Une colère maîtrisée mais résolue
Les prises de parole se succèdent, portées par une colère maîtrisée mais résolue. Les responsables syndicaux insistent sur la dignité de la mobilisation et préviennent : ce rassemblement n’est qu’un signal. Derrière la contestation du Mercosur, c’est une dénonciation plus large d’un système jugé intenable : normes toujours plus contraignantes, négociations commerciales opaques, marges captées par les intermédiaires, et agriculteurs exclus des discussions sur les prix.

Christian Borde Copyright MMH

Un monde agricole en bout de souffle
À Avignon, la manifestation paysanne a fait entendre une alarme claire : celle d’un monde agricole à bout de souffle, refusant d’être la variable d’ajustement des politiques commerciales internationales. Au-delà du rejet du Mercosur, les agriculteurs réclament une reconnaissance concrète de leur rôle stratégique : nourrir la population, entretenir les territoires et garantir une alimentation saine. Une mobilisation qui, à en croire les syndicats, pourrait bien se prolonger dès le début de l’année prochaine si aucune réponse structurelle n’est apportée.

Mercosur : de quoi parle-t-on exactement ?
Le Mercosur est un marché commun sud-américain qui regroupe principalement le Brésil, l’Argentine, l’Uruguay et le Paraguay. Depuis plus de 20 ans, l’Union européenne négocie avec ces pays un accord de libre-échange visant à faciliter les échanges commerciaux, notamment industriels et agricoles. Concrètement, l’accord prévoit une baisse importante des droits de douane sur de nombreux produits, dont la viande bovine, la volaille, le sucre, l’éthanol ou encore certaines céréales.

Un très mauvais deal pour les paysans français
Pour les agriculteurs européens, et français en particulier, cet accord pose un problème majeur de concurrence réglementaire. Les productions agricoles des pays du Mercosur ne sont pas soumises aux mêmes normes sanitaires, environnementales et sociales que celles imposées en Europe : usage de pesticides interdits dans l’UE (Union Européenne), traçabilité plus faible, coûts de main-d’œuvre très inférieurs.

Copyright MMH

Les syndicats agricoles
Les syndicats agricoles dénoncent ainsi une distorsion de concurrence, estimant que l’accord favoriserait surtout les grandes industries agroalimentaires et les centrales d’achat, au détriment des producteurs et, à terme, de la souveraineté alimentaire européenne.

La Dermatose nodulaire contagieuse : une menace sanitaire pour l’élevage
La dermatose nodulaire contagieuse (DNC) est une maladie virale qui affecte les bovins.

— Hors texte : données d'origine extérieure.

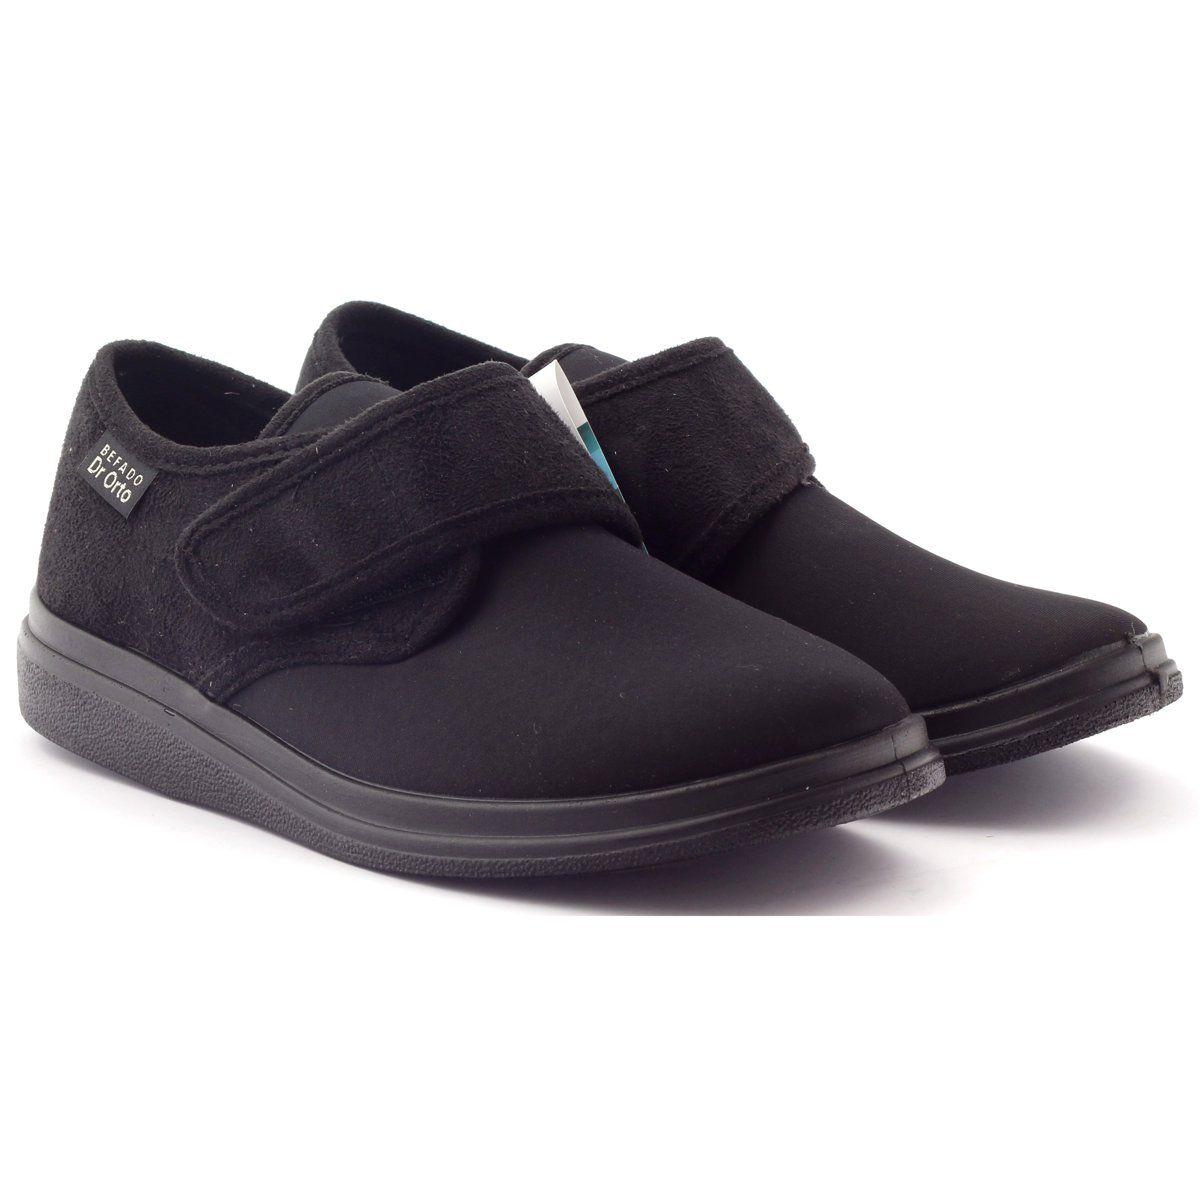 Befado Kapcie Mokasyny Dr Orto Zdrowotne 036d006 Czarne Shoes Slip On Sneaker Sneakers

Transmise principalement par des insectes piqueurs (moustiques, mouches), elle provoque fièvre, lésions cutanées, amaigrissement et pertes de production, sans danger direct pour l’homme. Jusqu’à récemment cantonnée à certaines régions d’Afrique, du Moyen-Orient et d’Amérique du Sud, la maladie a été détectée fin juin en Savoie, suscitant une vive inquiétude chez les éleveurs français.

La stratégie sanitaire
La stratégie sanitaire repose aujourd’hui sur l’abattage des animaux infectés, la mise sous surveillance et la restriction des mouvements de troupeaux. Les organisations agricoles critiquent toutefois l’absence de vaccination obligatoire préventive et redoutent des abattages massifs, vécus comme un gaspillage économique et animal. Dans le même temps, Christian Borde dénonce une incohérence : alors que leurs troupeaux sont bloqués et invendables, des viandes importées de pays où la maladie est présente, continuent d’entrer sur le marché européen, alimentant un sentiment d’injustice et d’abandon.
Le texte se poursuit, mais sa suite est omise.